» WORK ORDER: Exactly reproduce the lines from the line bearing "lampa cu 3 brate pe stativ" through the end of the listing, inclusive of both; pictures are to be omitted.

» DATA BLOCK:

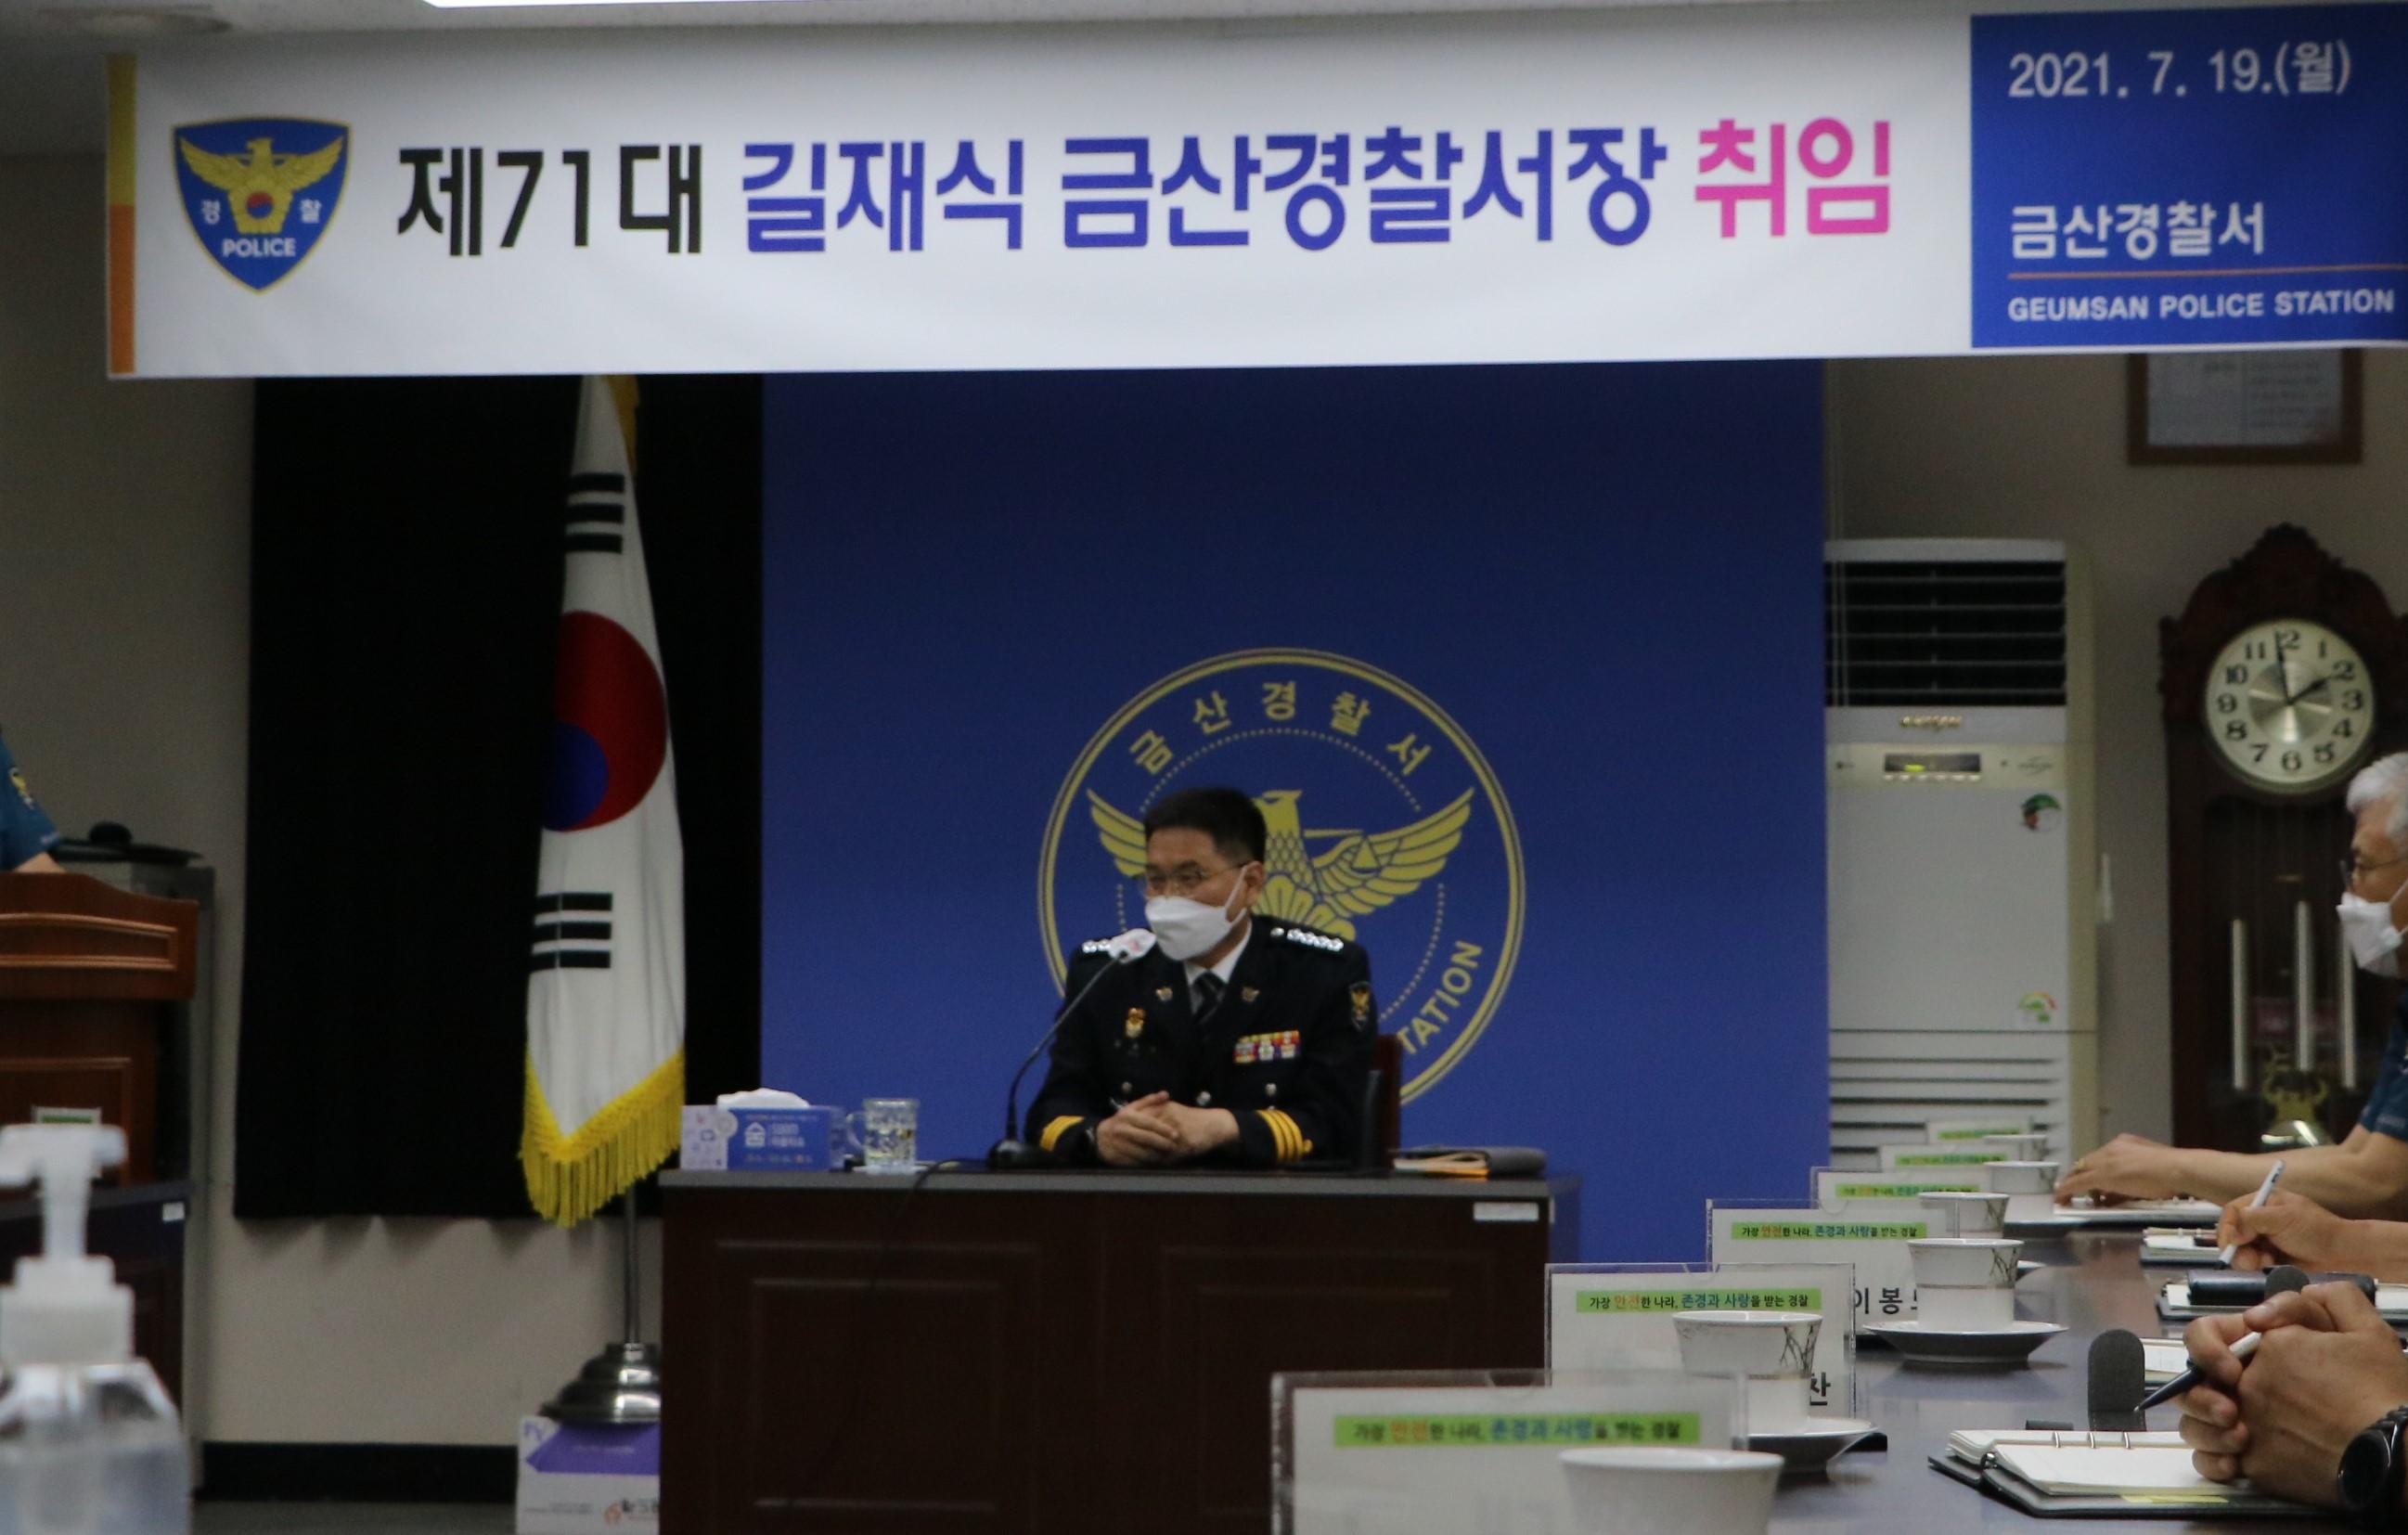 제71대 길재식 금산경찰서장 취임
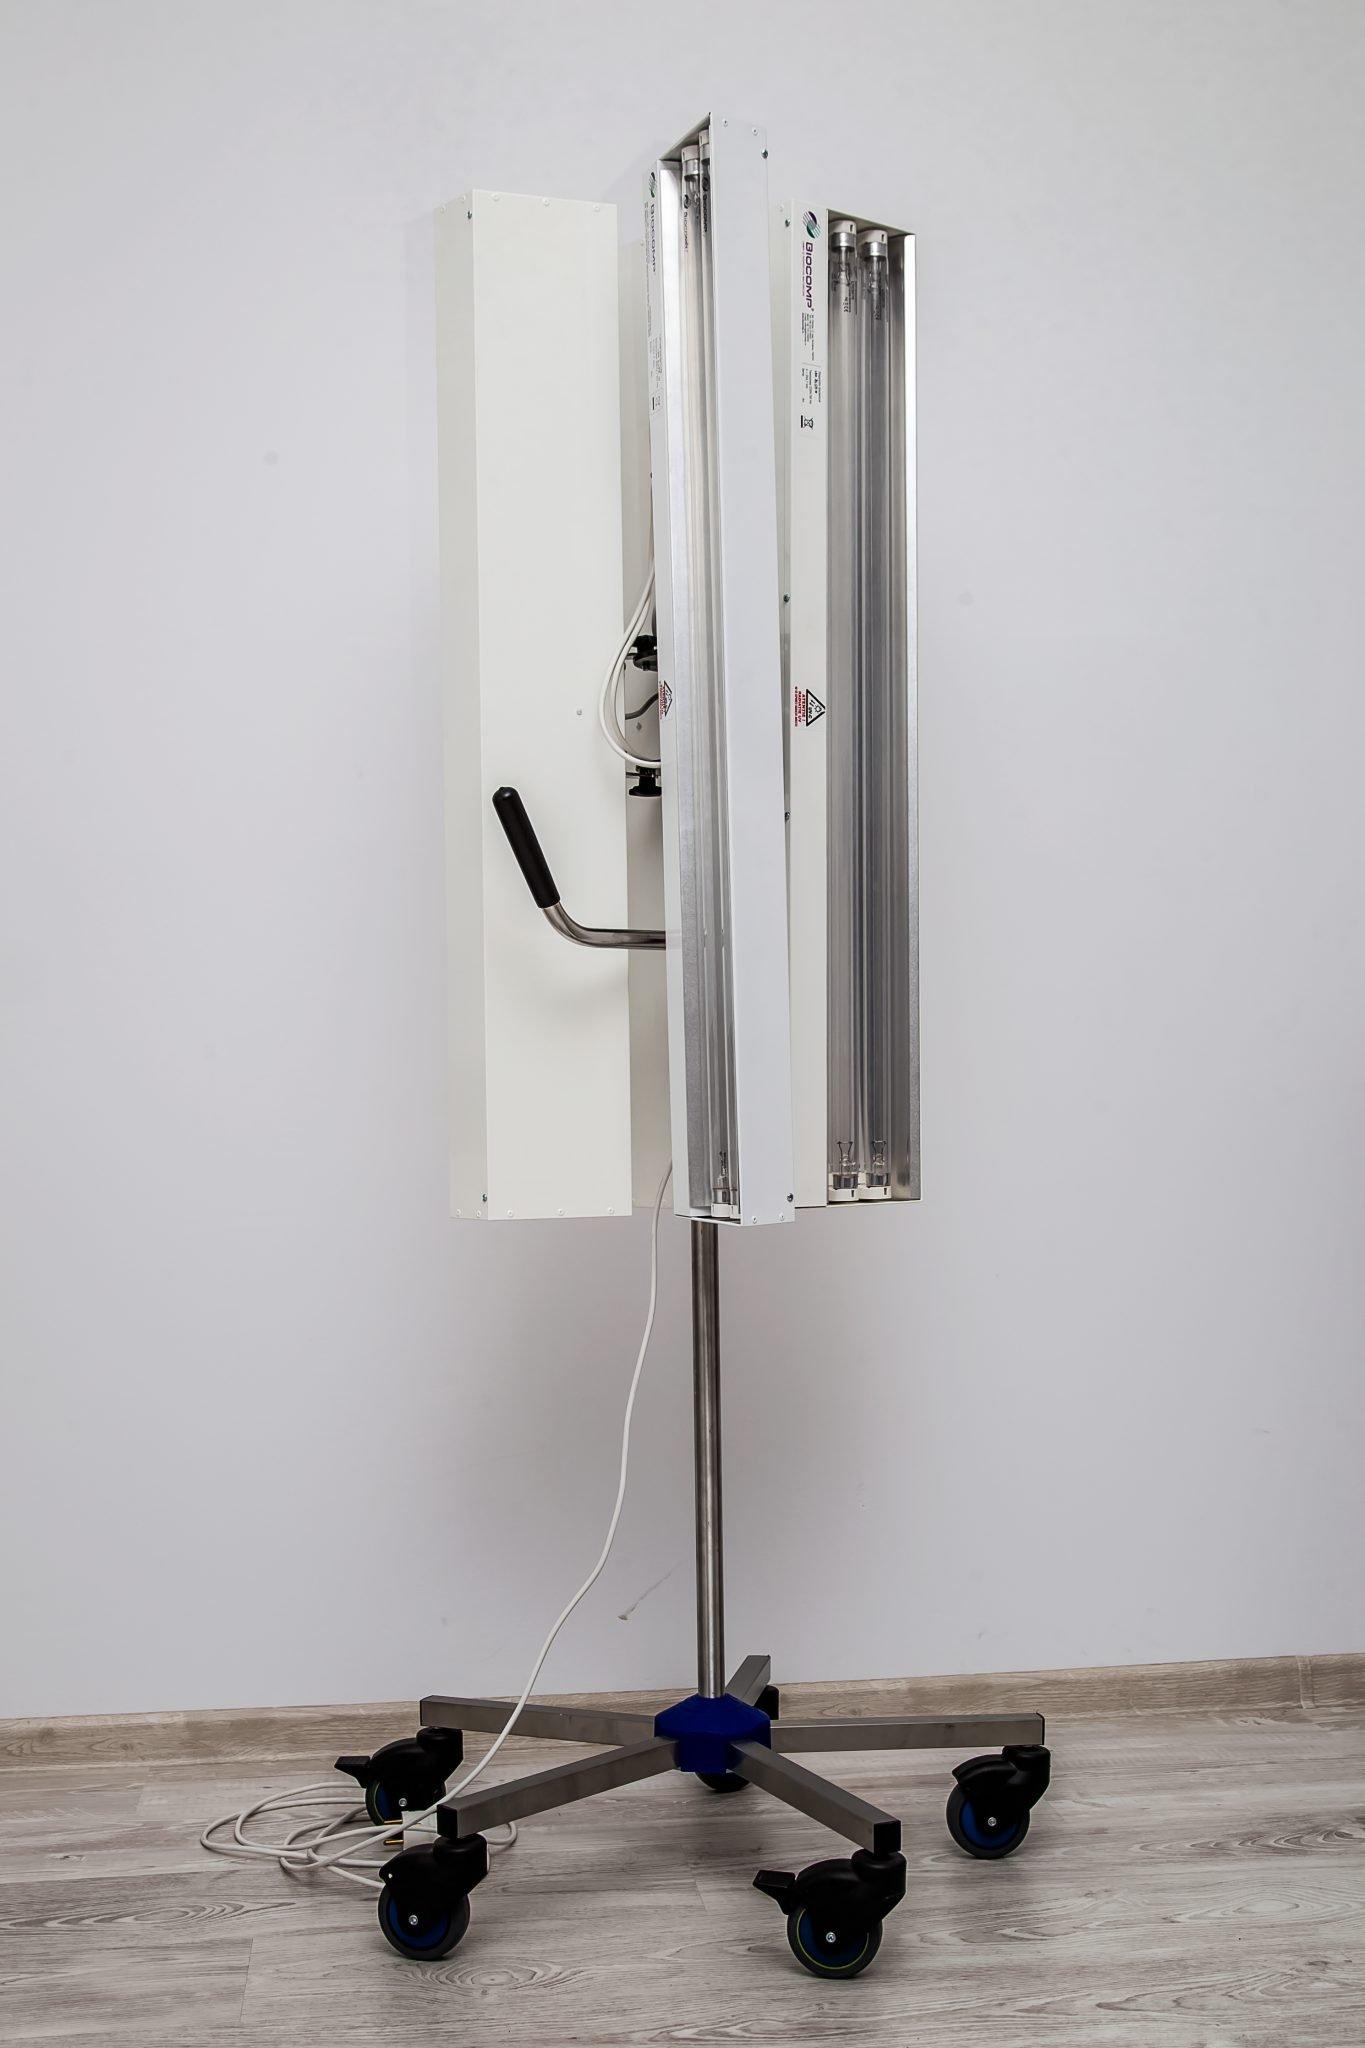 lampa cu 3 brate pe stativ
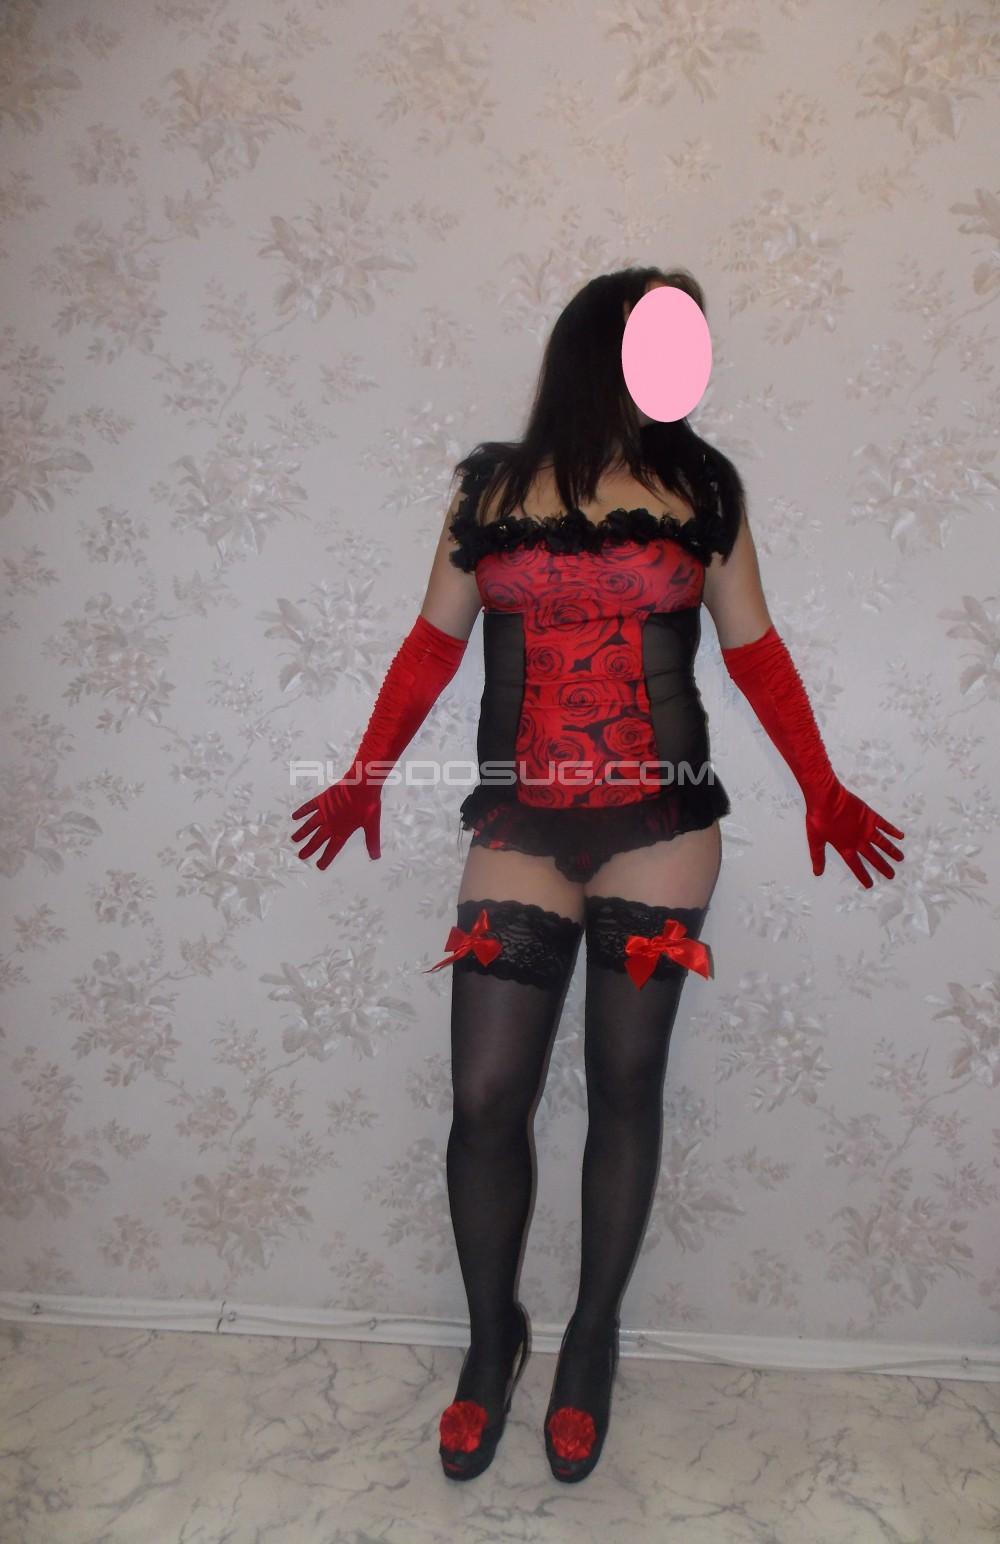 proverennie-prostitutki-tyumeni

» TASK SOLUTION:
 lampa cu 3 brate pe stativ
 proverennie-prostitutki-tyumeni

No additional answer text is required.